# Sorting a DataFrame

[Pandas `sort_values()` documentation](https://pandas.pydata.org/pandas-docs/stable/reference/api/pandas.DataFrame.sort_values.html)

### Import Dependencies

In [16]:
import pandas as pd
import os

### Load the data file

In [17]:
csv_path = os.path.join("..", "Resources","Happiness_2017.csv")

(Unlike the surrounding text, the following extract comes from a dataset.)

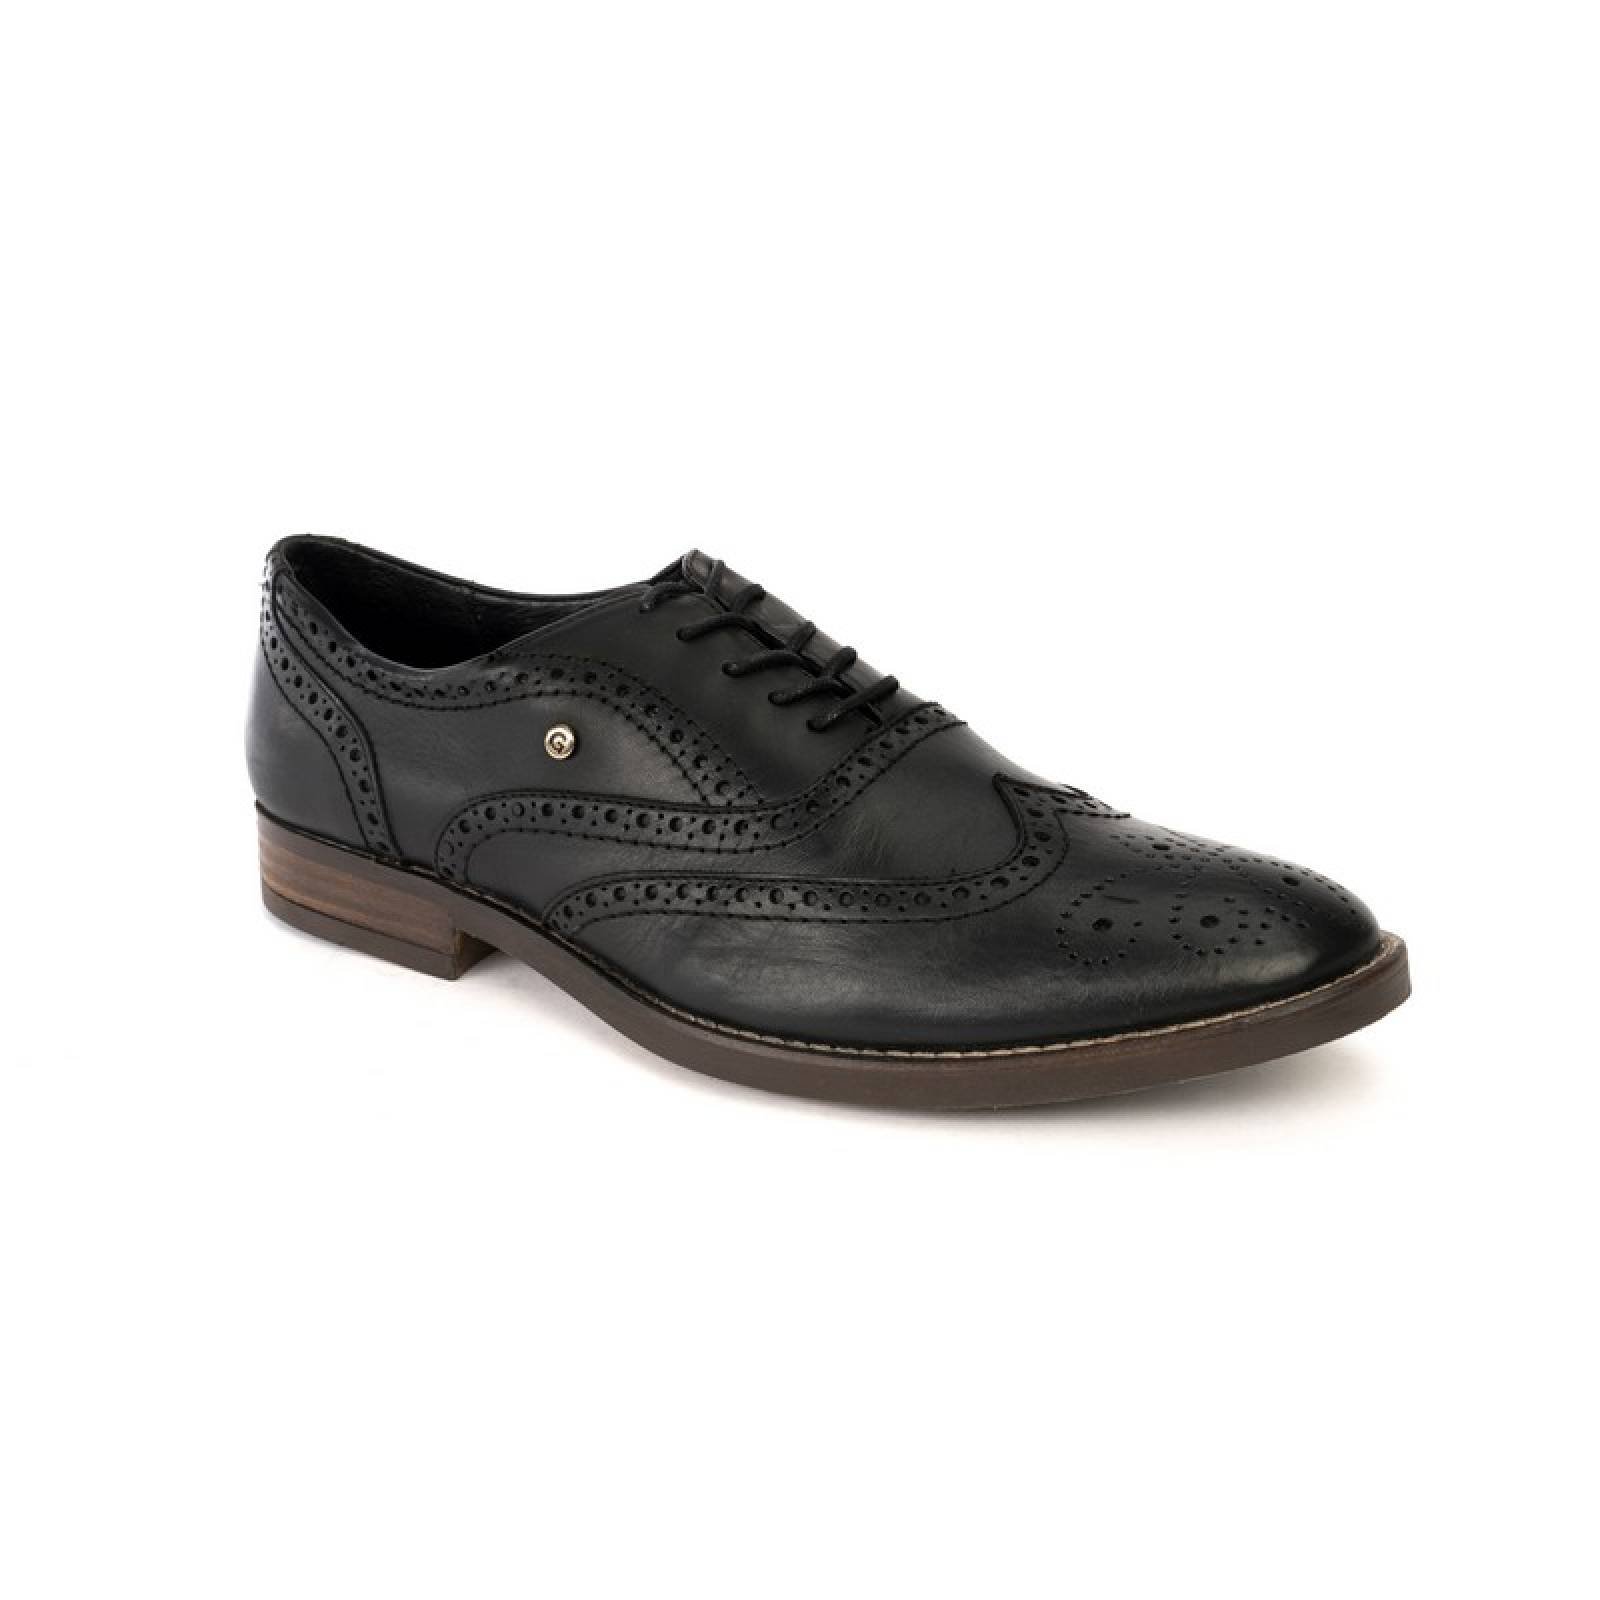 Jarking - Zapato Casual Negro Bostoniano Clásico con Agujetas Pintado a Mano para Caballero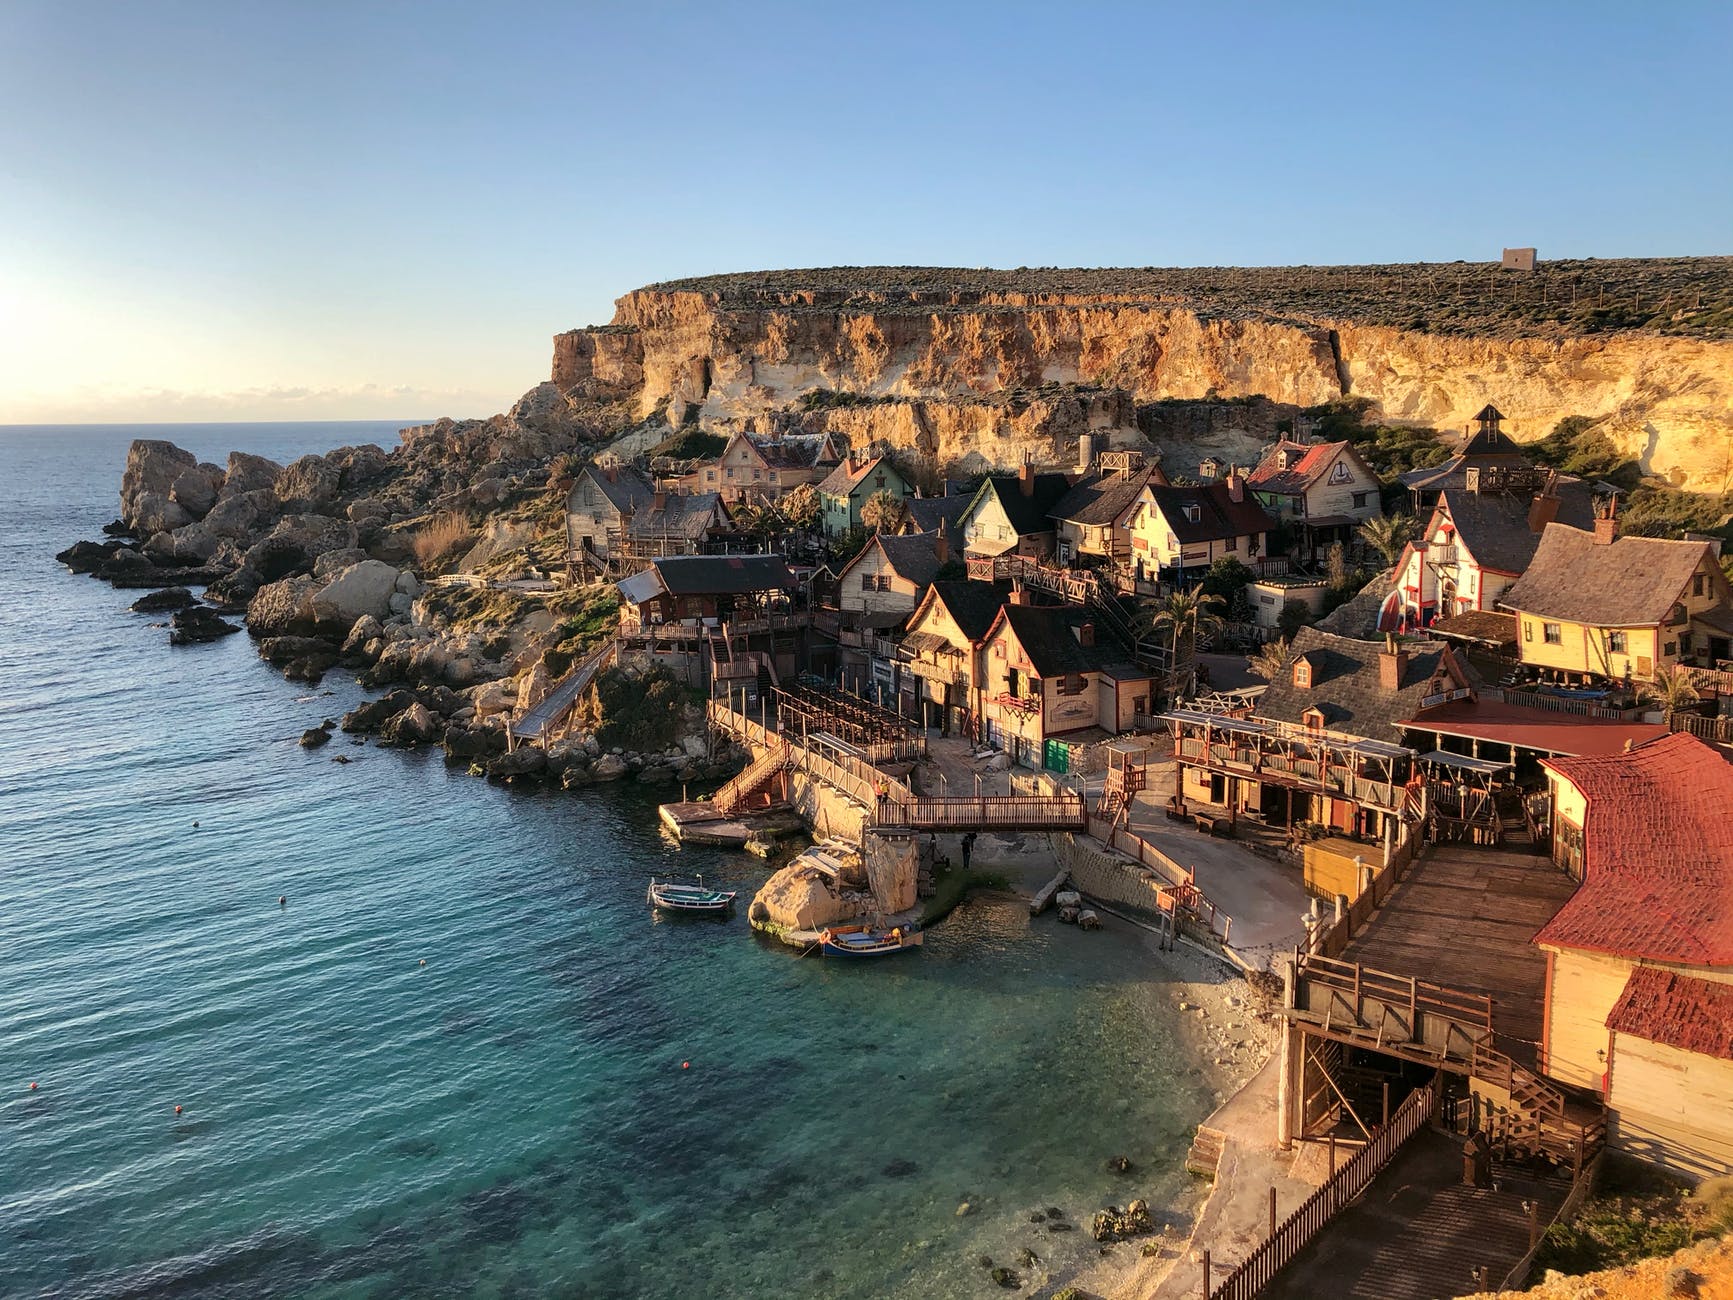 Herrliches Malta: die Insel bereitet an 365 Tagen im Jahr Vergnügen, besonders schön ist sie im Frühling.

happiness_df = pd.read_csv(csv_path)
happiness_df.head()

Unnamed: 0,Country,Happiness.Rank,Happiness.Score,Whisker.high,Whisker.low,Economy..GDP.per.Capita.,Family,Health..Life.Expectancy.,Freedom,Generosity,Trust..Government.Corruption.,Dystopia.Residual
0,Norway,1,7.537,7.594445,7.479556,1.616463,1.533524,0.796667,0.635423,0.362012,0.315964,2.277027
1,Denmark,2,7.522,7.581728,7.462272,1.482383,1.551122,0.792566,0.626007,0.35528,0.40077,2.313707
2,Iceland,3,7.504,7.62203,7.38597,1.480633,1.610574,0.833552,0.627163,0.47554,0.153527,2.322715
3,Switzerland,4,7.494,7.561772,7.426227,1.56498,1.516912,0.858131,0.620071,0.290549,0.367007,2.276716
4,Finland,5,7.469,7.527542,7.410458,1.443572,1.540247,0.809158,0.617951,0.245483,0.382612,2.430182


### Sorting the DataFrame based on "Freedom" column

**NOTE:** By default, `sort_values()` will sort from lowest to highest.

In [18]:
happiness_df.sort_values("Freedom")

Unnamed: 0,Country,Happiness.Rank,Happiness.Score,Whisker.high,Whisker.low,Economy..GDP.per.Capita.,Family,Health..Life.Expectancy.,Freedom,Generosity,Trust..Government.Corruption.,Dystopia.Residual
139,Angola,140,3.795,3.951642,3.638358,0.858428,1.104412,0.049869,0.000000,0.097926,0.069720,1.614482
129,Sudan,130,4.139,4.345747,3.932253,0.659517,1.214009,0.290921,0.014996,0.182317,0.089848,1.687066
144,Haiti,145,3.603,3.734715,3.471285,0.368610,0.640450,0.277321,0.030370,0.489204,0.099872,1.697168
153,Burundi,154,2.905,3.074690,2.735310,0.091623,0.629794,0.151611,0.059901,0.204435,0.084148,1.683024
151,Syria,152,3.462,3.663669,3.260331,0.777153,0.396103,0.500533,0.081539,0.493664,0.151347,1.061574
...,...,...,...,...,...,...,...,...,...,...,...,...
1,Denmark,2,7.522,7.581728,7.462272,1.482383,1.551122,0.792566,0.626007,0.355280,0.400770,2.313707
2,Iceland,3,7.504,7.622030,7.385970,1.480633,1.610574,0.833552,0.627163,0.475540,0.153527,2.322715
128,Cambodia,129,4.168,4.278518,4.057483,0.601765,1.006238,0.429783,0.633376,0.385923,0.068106,1.042941
0,Norway,1,7.537,7.594445,7.479556,1.616463,1.533524,0.796667,0.635423,0.362012,0.315964,2.277027


### Sort descending

To sort from highest to lowest, we must provide  `ascending=False` as an argument to `sort_values()`

In [19]:
happiness_df.sort_values("Freedom", ascending = False)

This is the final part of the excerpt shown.